Should I use a quality preset or bit depth setting?

Quality preset controls how aggressively the encoder optimizes the icon's image data — Very High is a sensible default and keeps the icon sharp at every Windows display scale. Image bit depth controls the color count: 1-bit gives a monochrome silhouette icon (smallest file, retro aesthetic), 8-bit gives 256 indexed colors (good for flat-color logos), and 16-bit preserves more photographic detail. For most modern app icons, 8-bit or higher is the right call.

Can I convert several MPG clips into icons at once?

Yes. Drop in multiple MPG files and each one extracts its own ICO with the same frame selection settings — handy when every clip's title frame should become the icon for a corresponding folder or shortcut. Output downloads individually or as a ZIP archive.

What if I need a multi-size ICO bundle for a Windows installer?

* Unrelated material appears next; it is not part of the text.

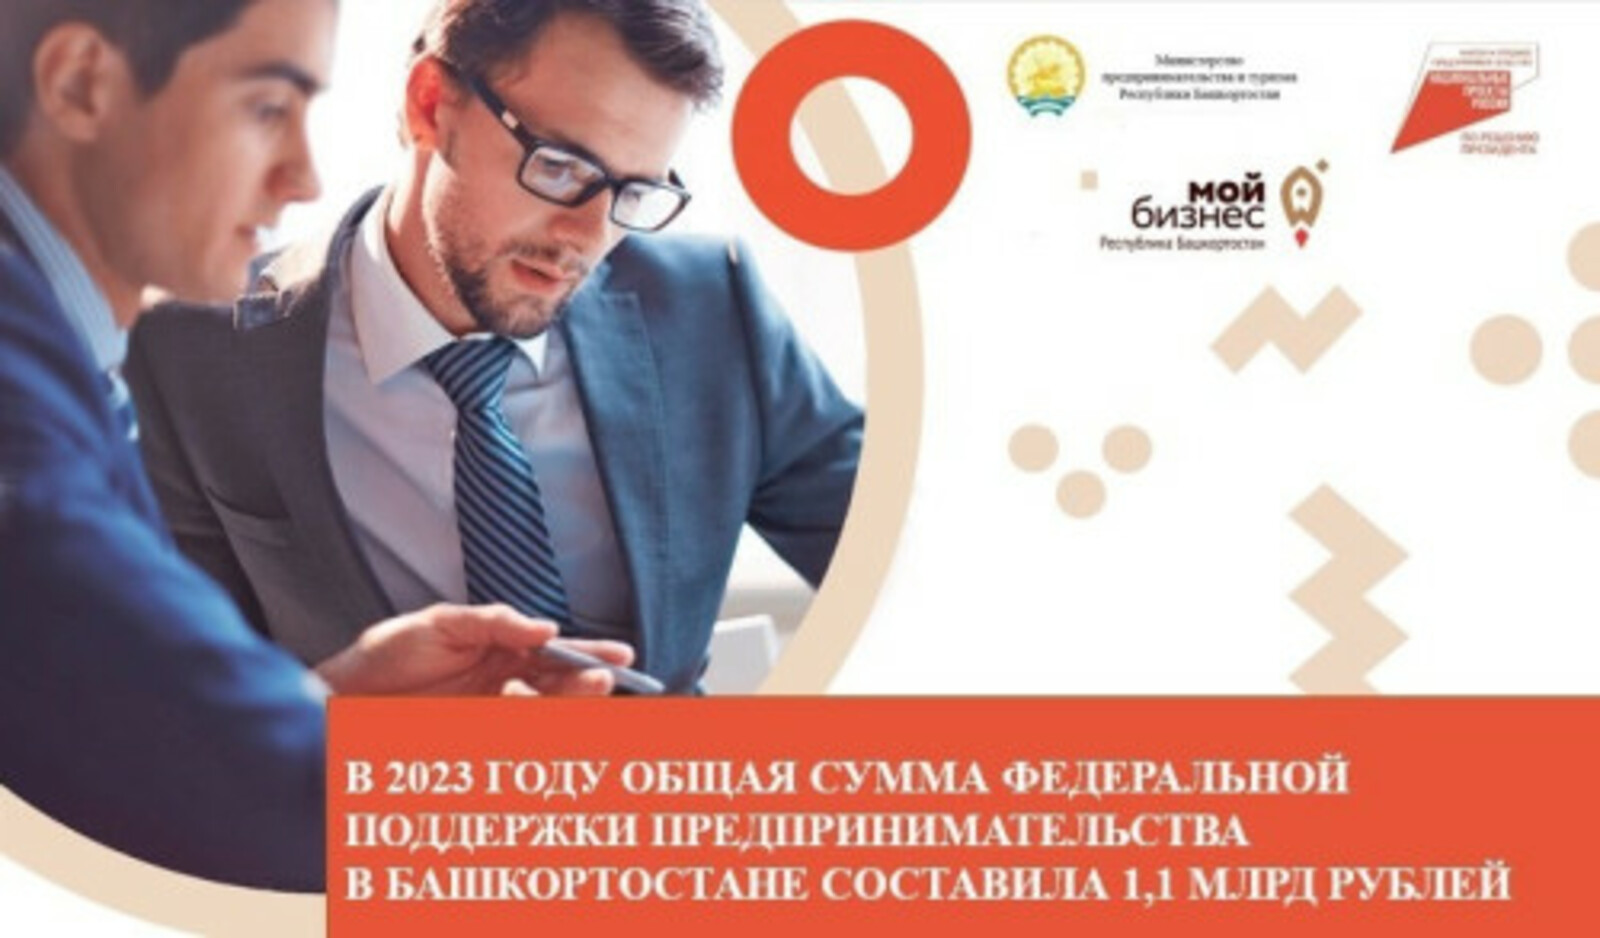 В 2023 году общая сумма федеральной поддержки предпринимательства в Башкортостане составила 1,1 млрд рублей

Generate the highest-resolution ICO first (256p) from the MPG frame, then run additional conversions at 48p, 32p, and 16p. Bundle them in a tool that supports multi-image ICO (IcoFX, or magick convert with multiple input PNGs). For straight favicon use, a single 32×32 ICO is enough — most modern browsers also accept the source PNG via <link rel="icon" type="image/png">.